Südwest Presse Ulm 26.8.2011
Die Inszenierung gefiel durch schöne Lieder und eine kindgerechte Aufmachung... Die Mannheimer bieten ein klar strukturiertes Bühnenbild, einfache aber stilvolle Kostüme und kindgerechte Kurzweil. Die Inszenierung von Eberhard Streul verzichtet auf langatmige Dialoge- vielmehr transportieren die locker eingeflochtenen Lieder die Geschichte in rasantem Tempo. Wohltuend auch, dass die Melodien nicht vom Band kommen, sondern von Komponist und musikalischem Leiter Frank Steuerwald live am Keyboard begleitet werden.
Die Rheinpfalz 28.11.2009
Regisseur Eberhard Streul und das Ensemble der Musikbühne Mannheim verstanden es ausgezeichnet, die Geschichte in bunten, abwechslungsreichen Bildern spannend und unterhaltsam zu erzählen. Dabei fielen auch die gut disponierten Gesangsstimmen der Mitwirkenden auf. Hinzu kam die aufwendige, farbenprächtige Ausstattung mit Kostümen, die den Märchenzauber noch verstärkten. Insgesamt bot die Kinder- Musik- Bühne Mannheim Kindertheater auf einem hohen künstlerischen Niveau.
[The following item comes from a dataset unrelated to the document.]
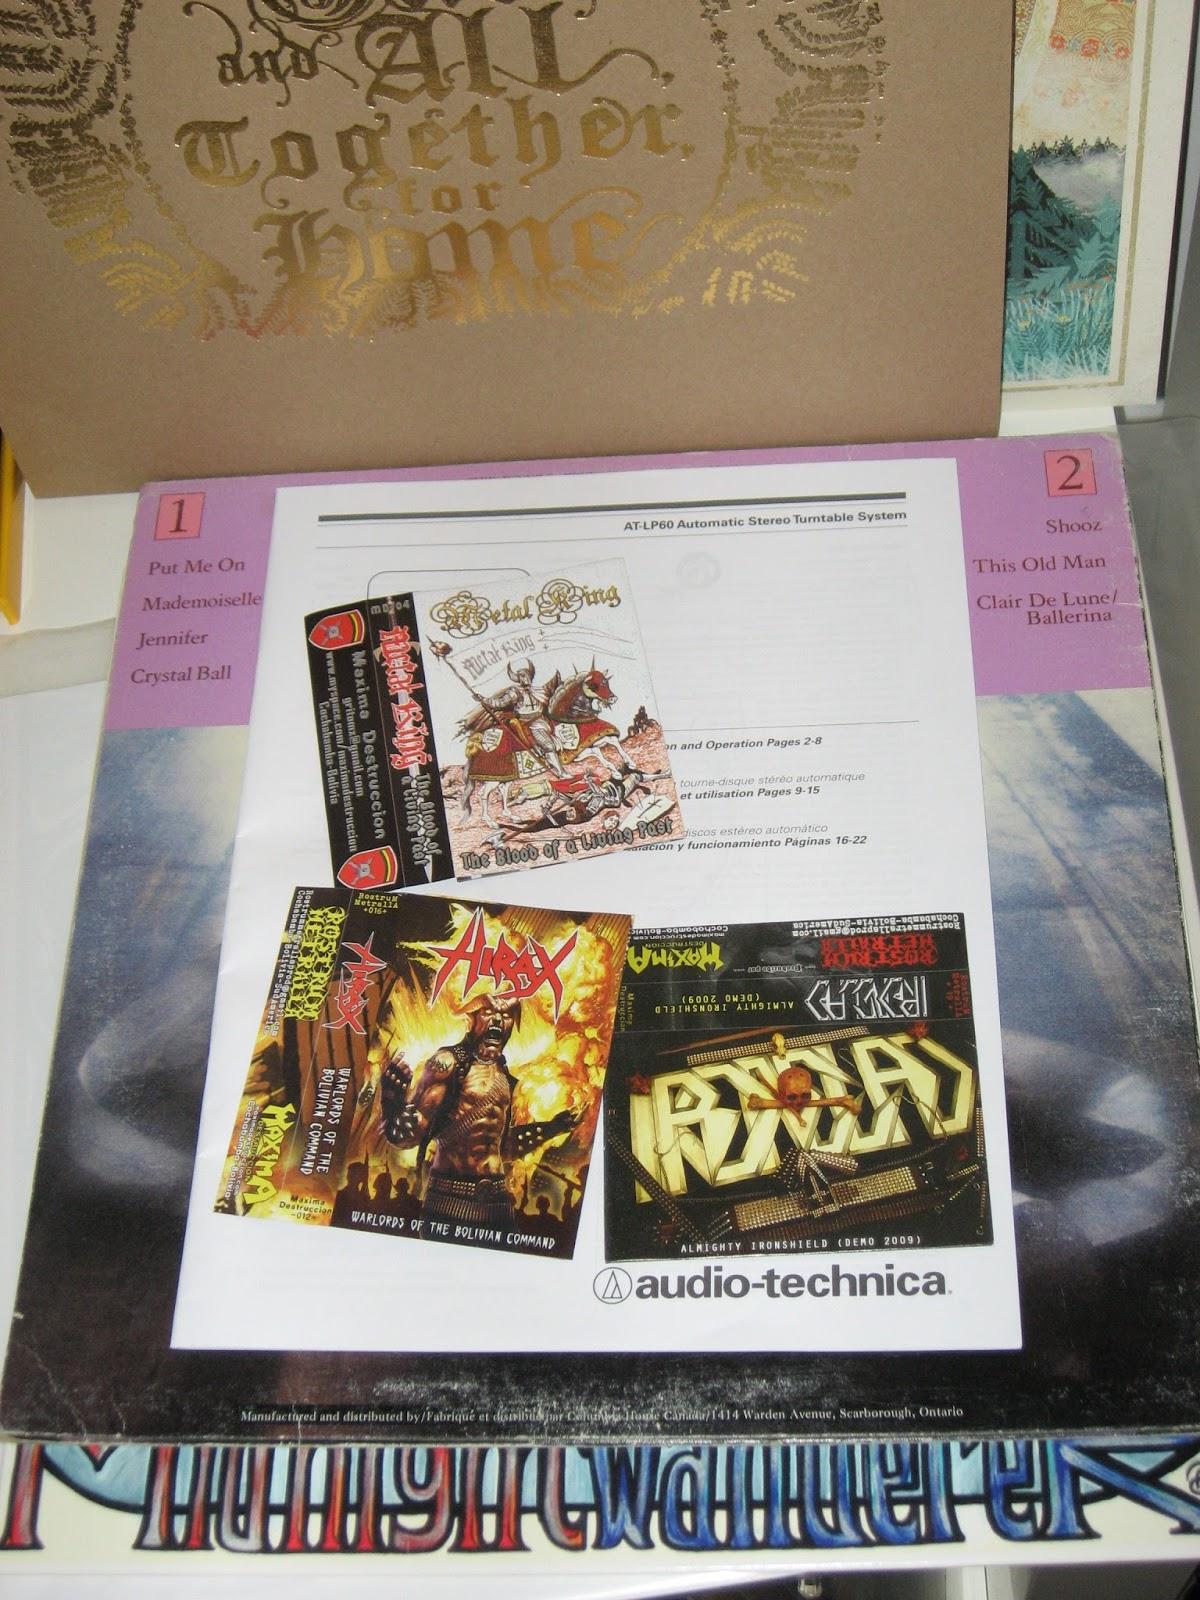 http://canadaspaceman.blogspot.ca/2015/07/cassettes.html

Mühlacker Tageblatt 4.8.09
Mit viel Gesang, tollem Schauspiel und hinreißender Kulisse begeisterte die Musikbühne Mannheim unter der Regie von Eberhard Streul. Schneewittchen (Tanja Hamleh) wird von fünf Tieren zum Haus der sieben Zwerge geführt, nachdem der Jäger (Matthias Eschli) sie im Wald zurückgelassen hat. das Tolle daran: Hase, Reh, Wolf und Co. wurden von fünf verkleideten Kindern aus dem Publikum gespielt. Und nicht nur die Vierbeiner wurden kurzfristig besetzt. Als Schneewittchen eingeschlafen ist, kommen vom Eingang des großen Saals die Sieben Zwerge gelaufen. Zwerg Pumpel und Zwerg Pimpel werden begleitet von fünf weiteren Zuschauerkindern. Und nicht nur die haben sichtlich Spaß an der Aufführung. Das ganze Publikum folgt gespannt der bekannten Geschichte, die durch die tollen Schauspieler noch einmal ganz neu erlebt werden kann. Begleitet werden sie von Frank Steuerwald am Keyboard. Jede Figur bekommt ihre eigene Melodie, so können selbst die Kleinsten sofort erkennen, wer als nächstes mit Singen an der Reihe ist.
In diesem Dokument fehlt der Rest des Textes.